You’d think Brigham Young might have seen this one coming before he so rashly told his people that the Salt Lake Valley was “the right place.” I mean, the guy who had the foresight to lay out a city with extra-wide streets, and leave spots for modern-day elevators in the Salt Lake Temple, could have at least said: “Except for about five weeks each winter, this is the right place.”

So, what will it take to get rid of our current inversion? A storm to blow through the region, clearing out the stagnant air. Meteorologists say there’s the possibility of a “weak weather system” later this week that could provide some relief, but I wouldn’t hold my breath.

Wait. On second thought, you may actually want to hold your breath.

Until March.

I should be asking my fellow Mormons to take their usual prayers for “moisture” and convert them to a plea for a “strong, inversion-busting weather system.” But then, I’m not a great believer in God as some sort of cosmic short-order cook, fielding requests from mortals to provide us with climate-controlled comfort.

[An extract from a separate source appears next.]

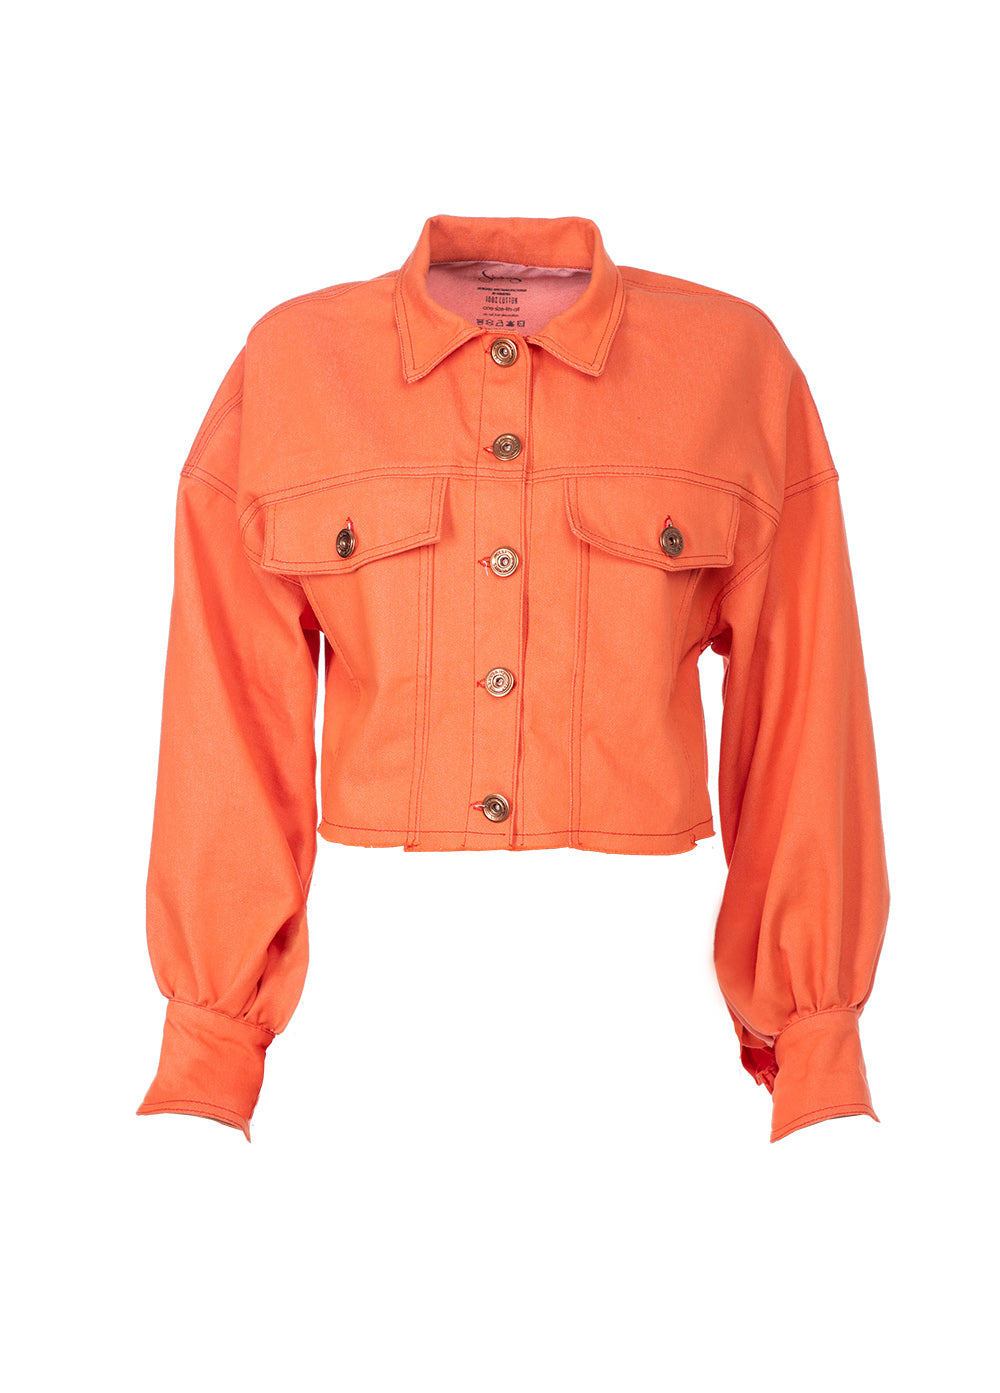 Shabeeg Orange Denim Jacket

Besides, I have a feeling I already know what his answer to such prayers would be. Probably something like:

“Lemme getteth this straight, children. I giveth thee a really great planet to inhabit, and you basically act like it’s a cheap hotel room and you’re Keith Moon? You people waste more energy than any 10 previous civilizations. You insist on driving your horseless chariots everywhere, even to church — which is only three blocks away. And then you leave your vehicle idling while waiting at the grocery store or shopping mall because you’re just too darned slothful to shut it off and go inside where it’s warm.

“Even in the summer, you water your lawns like you’ve got a rice paddy growing out there. Plus which, you vote in politicians who think ‘environmentally responsible’ means pouring their used motor oil into the gutter, rather than flushing it down the toilet.

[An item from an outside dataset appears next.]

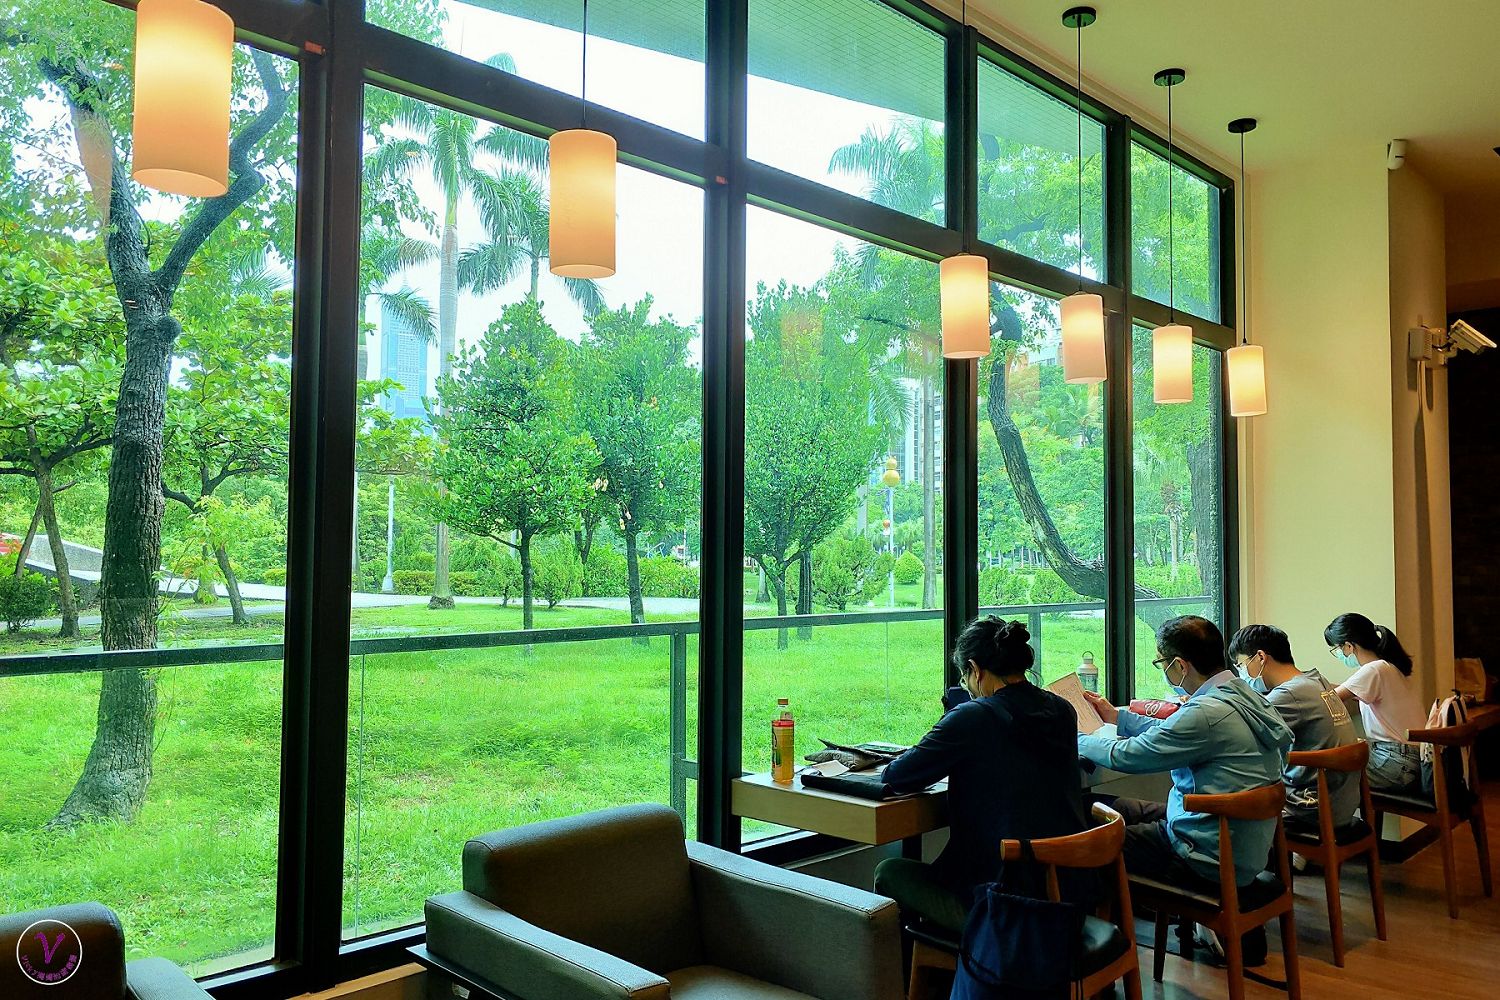 高雄景點︱中央公園就是我的圖書館，李科永紀念圖書館如咖啡館般舒適，窗外一片綠意盎然令人感覺舒暢

“In short, you people continue to foul the air and the water and the land with more and more pollutants, doing precious little to exercise wise stewardship over the planet. And then you expect me to swoop in and save you ingrates from a mess of your own making? Art thou high?

“Tell you what: Instead of sending you the cleansing storms you’ve been praying for, how about I direct a nice plague of locusts or fiery hail your way, just to get your attention?”

With the exception of two years going door-to-door in the South, I’ve lived here in Utah since 1971. And while plenty of folks find plenty of things to complain about in this state, I can honestly say that the only major downside to living around here is our poor air quality in the winter.

And the sad part is, we could do something about these inversions if only we had the personal and political willpower. Mass transit remains an untenable joke for many of us. Companies continue to resist alternatives to the daily commute — like four-day work weeks, or telecommuting. And we seem utterly unwilling to get tough on emissions from factories, diesel engines, idling and poorly tuned vehicles, etc.

So instead, we continue to suffer through these ugly, deadly temperature inversions, all the while patting ourselves on the back for tackling the really important public health crises facing us. Like pornography.

How do I feel about this? Frankly, a slightly shorter four-letter word comes to mind.